> **SUPPLIED MATERIAL**:
▶

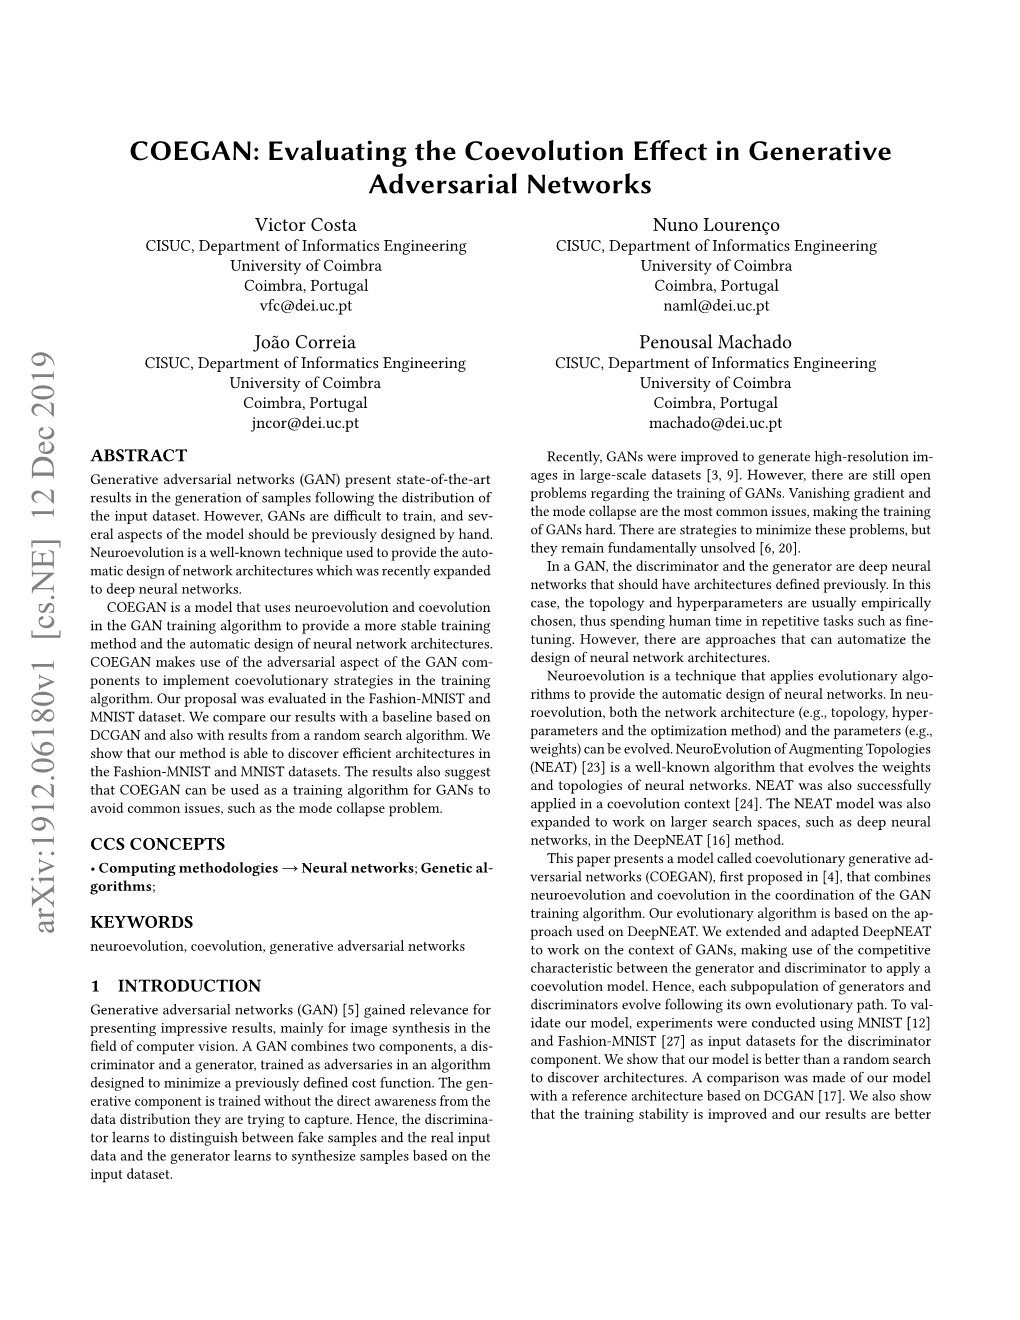 Evaluating the Coevolution Effect in Generative Adversarial Networks
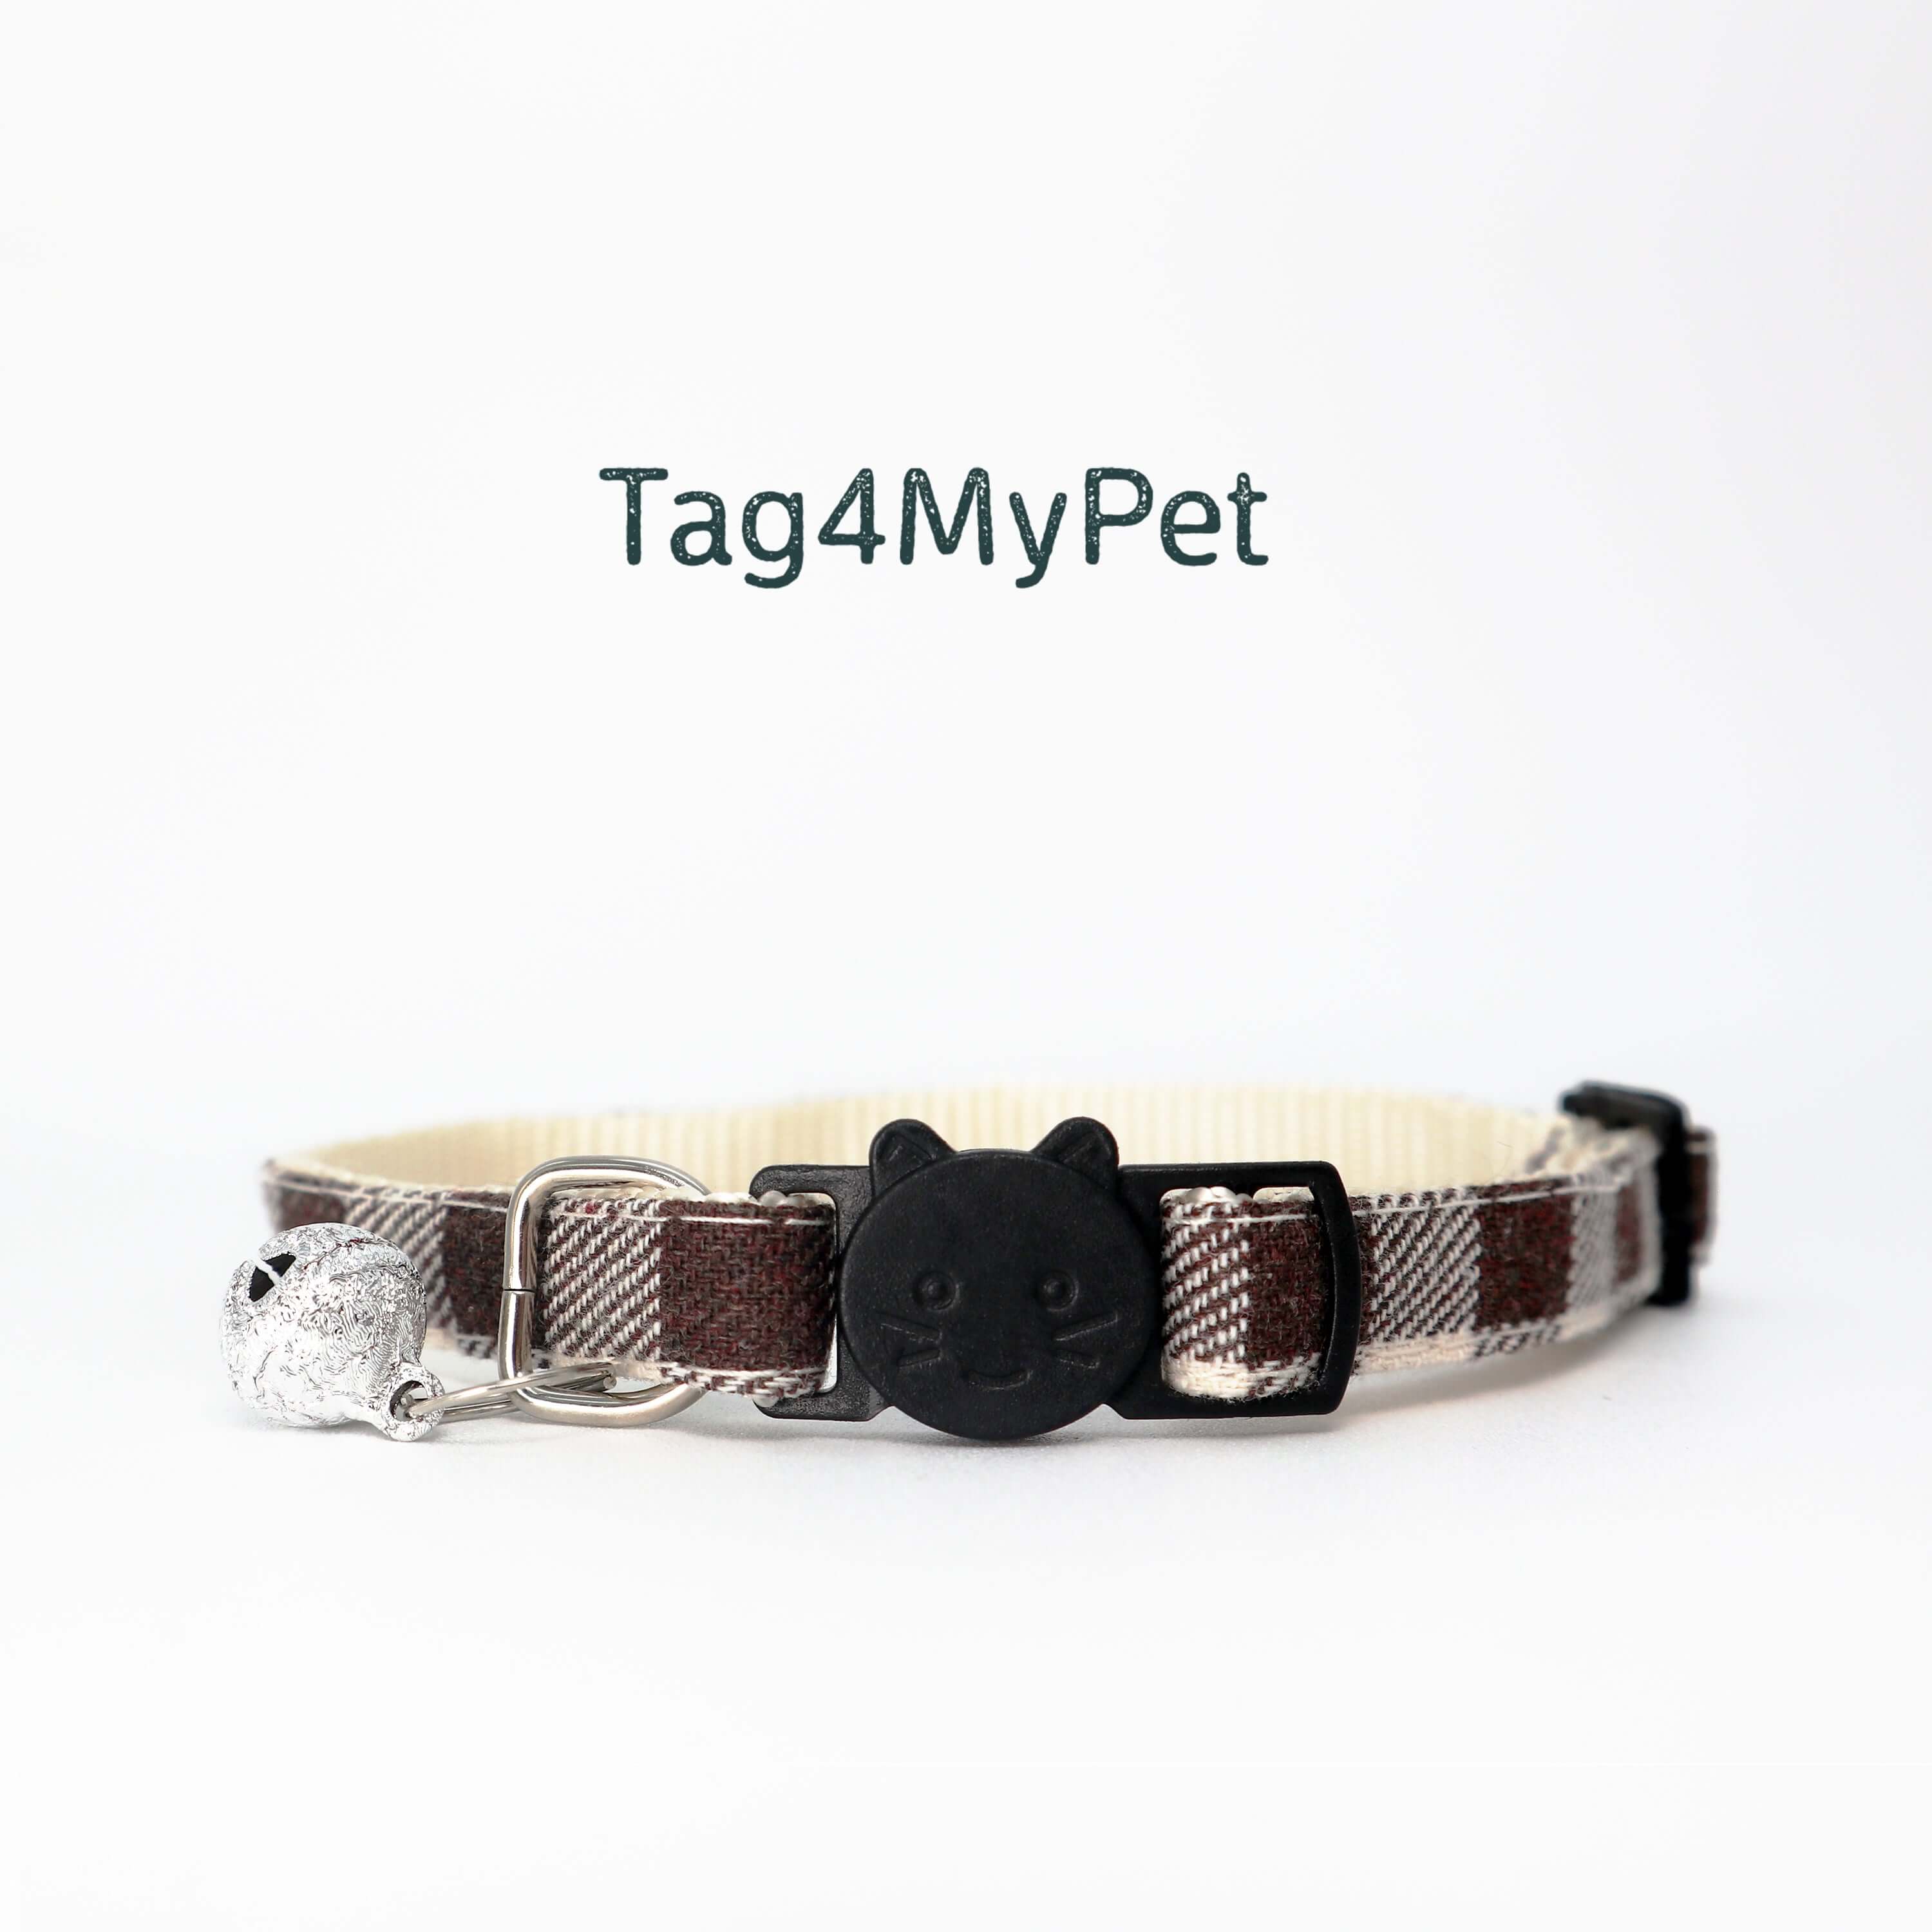 Resistant and Safe Cat Collar in Brown
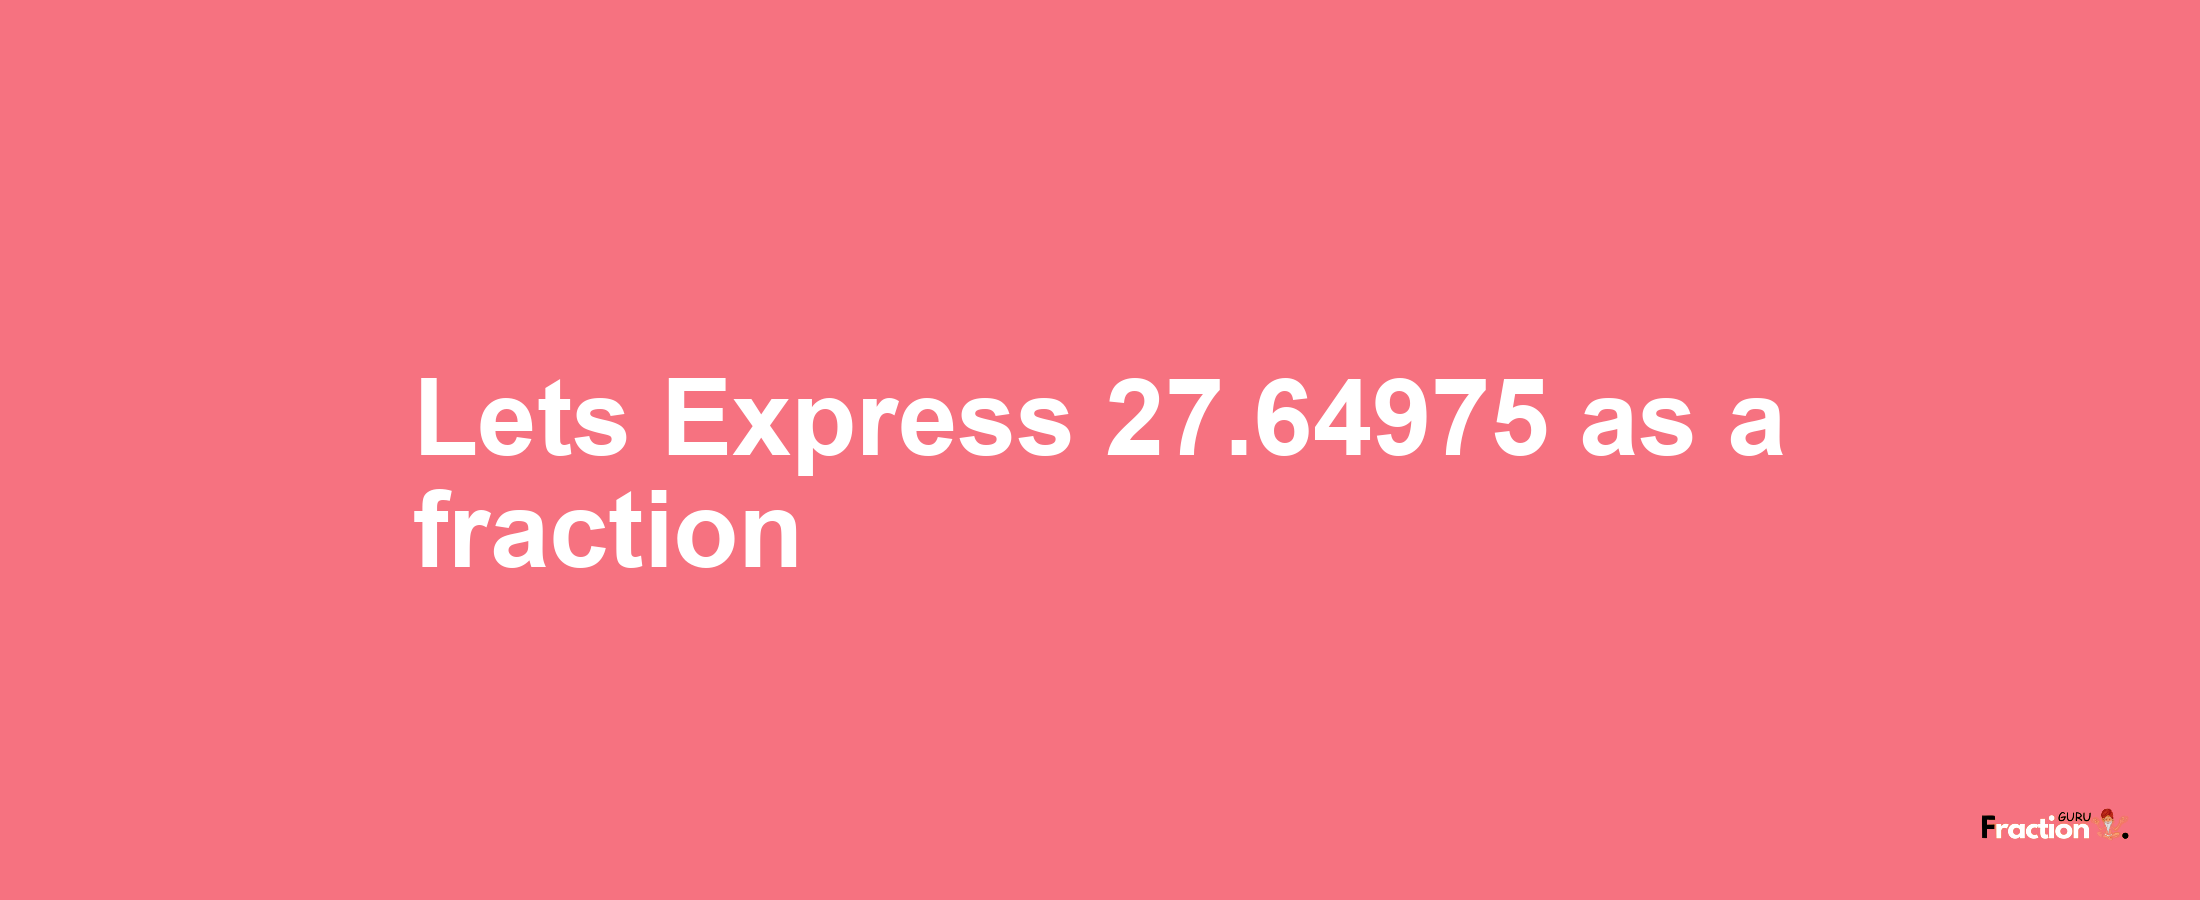 Lets Express 27.64975 as afraction

◀

> **EXERCISE DETAILS**: Word for word, output the whole listing, but not its pictures.

> **EXERCISE RESULT**:
 Evaluating the Coevolution Effect in Generative Adversarial Networks
 Resistant and Safe Cat Collar in Brown
 Lets Express 27.64975 as afraction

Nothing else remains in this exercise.